I actually think that there has been a fair share of Xeno RPs, not just all that many recently. If you want to make one, then for all the fuck in th world, do it! There are always people who want to join in, so you will probably get a good and enjoyable RP running.


----------



## komanko (May 16, 2010)

Just a correction, there was a Tyranid roleplay as well as a Necron one and both were quite good if I remember correctly, but of course, I can be mistaken 
Anyway, I don't mind playing Xenos as long as the story is appealing.


----------



## Farseer Darvaleth (Nov 15, 2009)

komanko said:


> Just a correction, there was a Tyranid roleplay as well as a Necron one and both were quite good if I remember correctly, but of course, I can be mistaken
> Anyway, I don't mind playing Xenos as long as the story is appealing.


There's an ongoing Necron RP right now.

Just wait till Serp finds this thread. :laugh:


----------



## komanko (May 16, 2010)

Hide it quickly then, Dravly use that shroud of darkness NOW!


----------



## Serpion5 (Mar 19, 2010)

Impossible to Rp necrons or tyranids?! 

That`s just ignorant... 

I`ve done both before and I fully intend to do both again. Until then Alistor, you have drawn the scrutinizing gaze of the Hive`s Eye and the Star Borne alike... 

Watch yourself... 

EDIT: And I refuse to vote, seeing as there`s no _Xenos are awesome and I`ll never Rp anything else!_ option in your silly poll. :threaten:


----------



## Bane_of_Kings (Oct 28, 2009)

I voted for the first option, as I am basically clueless when it comes to all xenos apart from the orks and the tyranids. The Tyranids aren't very good for roleplaying, mind you. 

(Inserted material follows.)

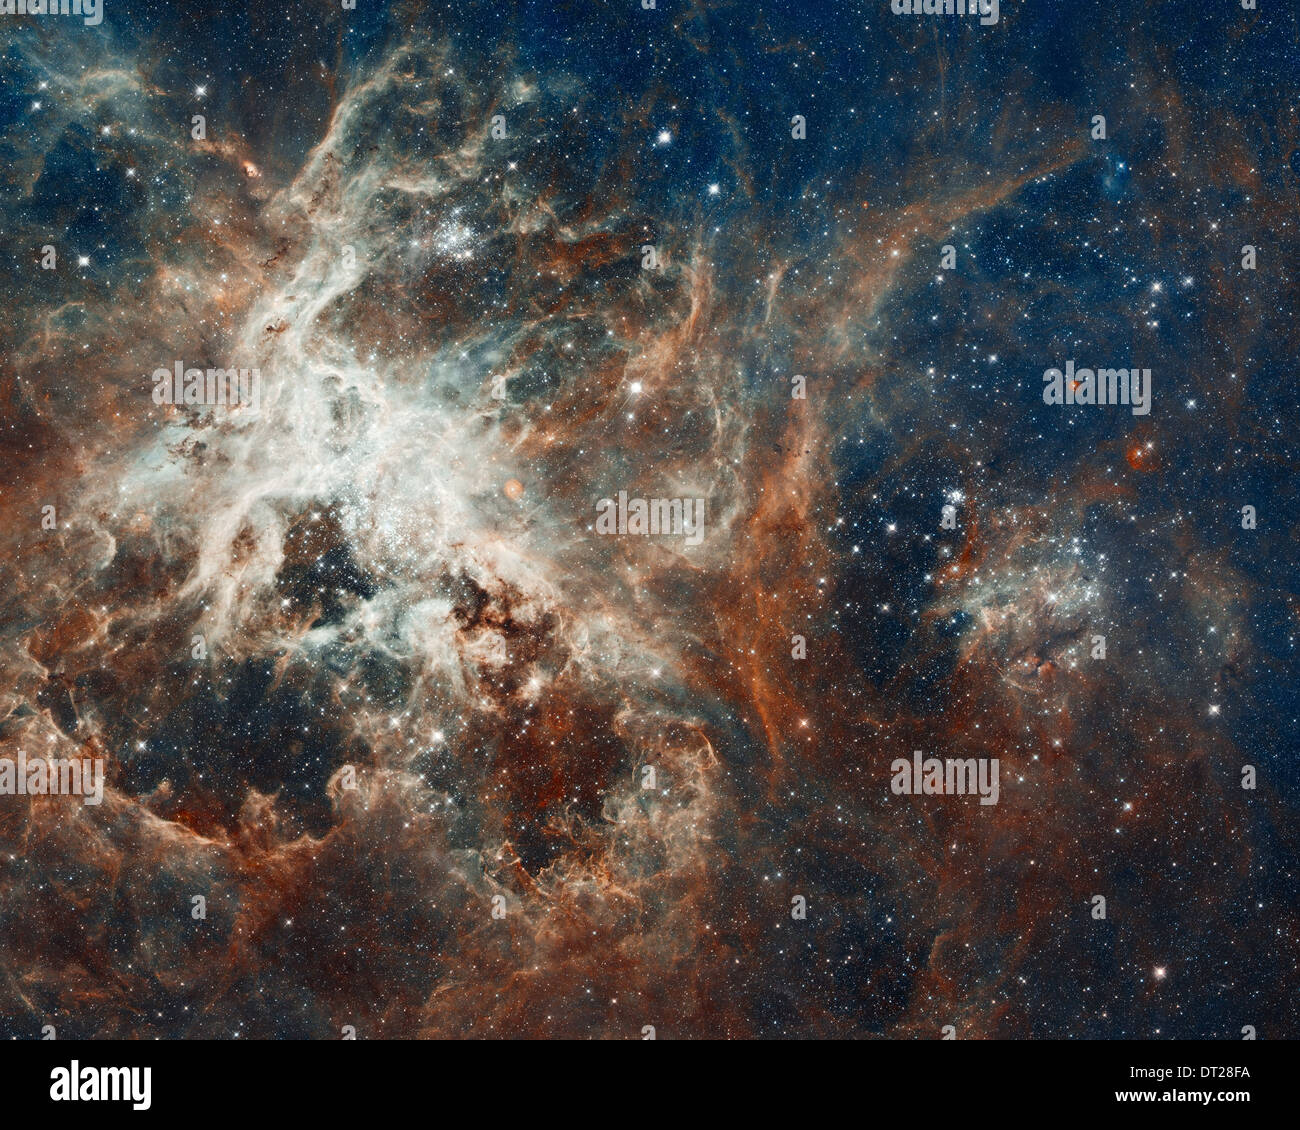 Hubble la vista panoramica di un turbolento Star-rendendo regione. Diversi milioni di stelle sono in lizza per l'attenzione in questo NASA/ESA immagine. Foto Stock

I prefer the Space Marines, IMHO, but knowing more about the xenos would probably cause me to vote for them.


----------



## Jackinator (Nov 18, 2008)

Serpion5 said:


> EDIT: And I refuse to vote, seeing as there`s no _Xenos are awesome and I`ll never Rp anything else!_ option in your silly poll. :threaten:


Yet you have an Inquisitorial acolyte in Burn the Witch ? On the other hand, I kinda agree, I'm not going to vote because the options are unrealistic, I'll play either but I'd love to do xeno RPs, I know a fair amount of each of the races of 40k, though my knowledge is obviously not all-encompassing :laugh:


----------



## Angel of Blood (Aug 18, 2010)

Option number 3 here. Cause its just true.


----------



## turel2 (Mar 2, 2009)

Xeno RP would be awesome.

Eldar and DE roleplay would be good,
(I typed DE RP lol)
(DERP!)


----------



## Doelago (Nov 29, 2009)

Serpion5 said:


> EDIT: And I refuse to vote, seeing as there`s no _Xenos are awesome and I`ll never Rp anything else!_ option in your silly poll. :threaten:


And still you have character in an RP with the name _"Suffer not the Xeno to Live"_. :laugh: 




:rofl:


----------



## Alistor (Apr 19, 2011)

I thought after I posted this that I was missing something! Sorry for missing the "XENOS ARE AMAZING, K? <3" option! D=


----------



## Farseer Darvaleth (Nov 15, 2009)

Yep, Serp found it. I was too slow. :laugh:


----------



## emporershand89 (Jun 11, 2010)

Like the poll, but I don't have a "I love aliens and I want more" option, can that be added


----------



## Alistor (Apr 19, 2011)

If I could add another option, I would


----------



## darkreever (Apr 3, 2008)

I can edit the poll for you Alistor, just tell me what you want the next option to say and I'll put it in for you.


----------



## Alistor (Apr 19, 2011)

Well the 5th option which I appear to have neglected unfortunately would be:

"I prefer roleplaying xenos races and would like to see more alien-orientated RP."


----------



## darkreever (Apr 3, 2008)

Your poll has been edited, fifth option now included.


----------



## Serpion5 (Mar 19, 2010)

Okay then, now I`ll vote. :biggrin:


----------



## Karak The Unfaithful (Feb 13, 2011)

I had the same idea, although i was going to give it some time before I did anything


----------